Die dritte und letzte Minute der Nachspielzeit war angebrochen, als die Gäste vom SV Union eine Vollversammlung im gegnerischen Strafraum einberiefen. Nach langer Einwurfflanke scheiterte Marcus Schlüter noch an der blau-weißen Abwehrwand, doch der Abpraller landete direkt vor Christian Kloska, der sich die Gelegenheit nicht entgehen ließ und zum 1:1 (0:0)-Endstand einschoss. Trotz der späten Erlösung war die Freude beim Heyrothsberger Trainer Marcel Gieseler nicht ungetrübt: „So, wie er entstanden ist, können wir mit dem Punkt leben. Übers gesamte Spiel gesehen und auch unserer Erwartung entsprechend sind es zwei verlorene Zähler. Am Ende waren wir aber einfach nicht gut genug, um uns den Sieg zu verdienen.“ Schon die Anfangsviertelstunde, die klar an die Sportgemeinschaft ging, stützte diese Einschätzung.

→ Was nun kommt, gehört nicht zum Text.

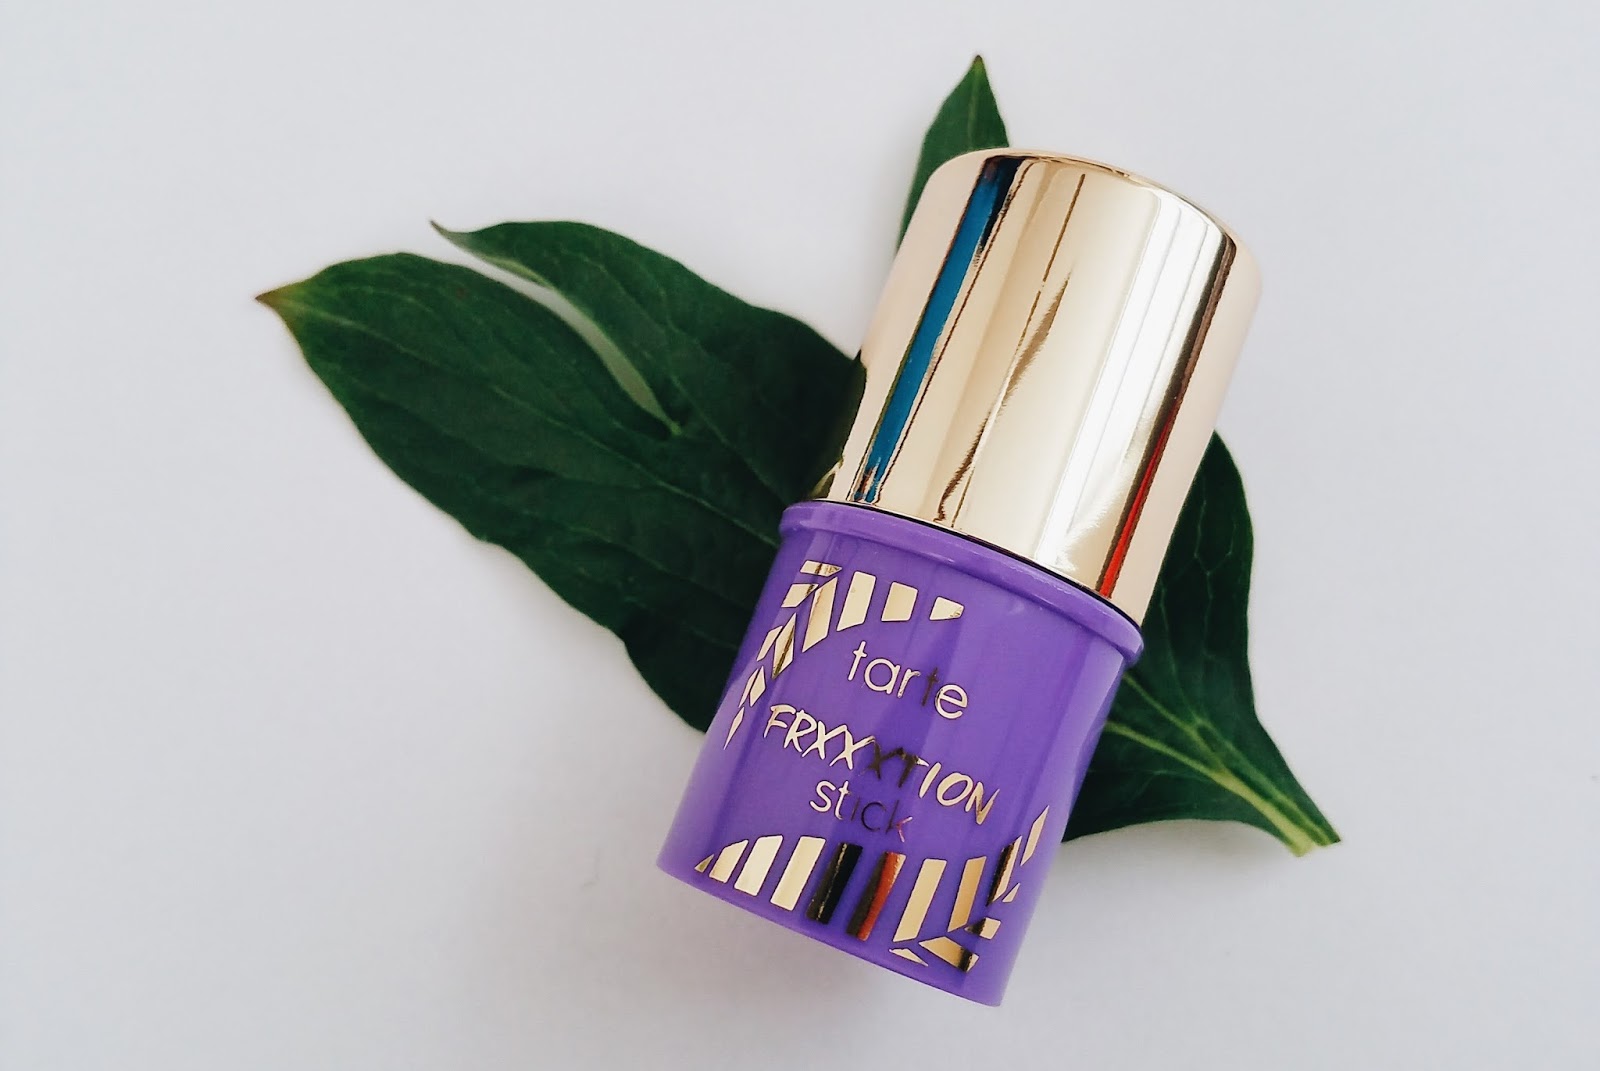 tarte FRXXXTION Stick Exfoliating Cleanser: Review by The Jen Project. This product is a great gentle exfoliator, cleanser, and mask rolled into one.

Zwei Minuten war der Abend alt, als Maurice Deckert seine Geschwindigkeitsvorteile auf dem rechten Gerwischer Flügel ausspielte. Für einen ernstzunehmenden Abschluss war der Winkel jedoch zu spitz. Nach einer Viertelstunde eroberte schließlich Brian Schuller den Ball im Zentrum, doch Union-Keeper Christopher Biegelmeier war bei der nachfolgenden Doppelchance von Tobias Thormeier auf dem Posten. Auffällig war zu diesem Zeitpunkt bereits, dass beide Seiten in Sachen Spieleröffnung ähnliche Wege gingen und meist mit langen Diagonalbällen aus der Abwehr heraus agierten.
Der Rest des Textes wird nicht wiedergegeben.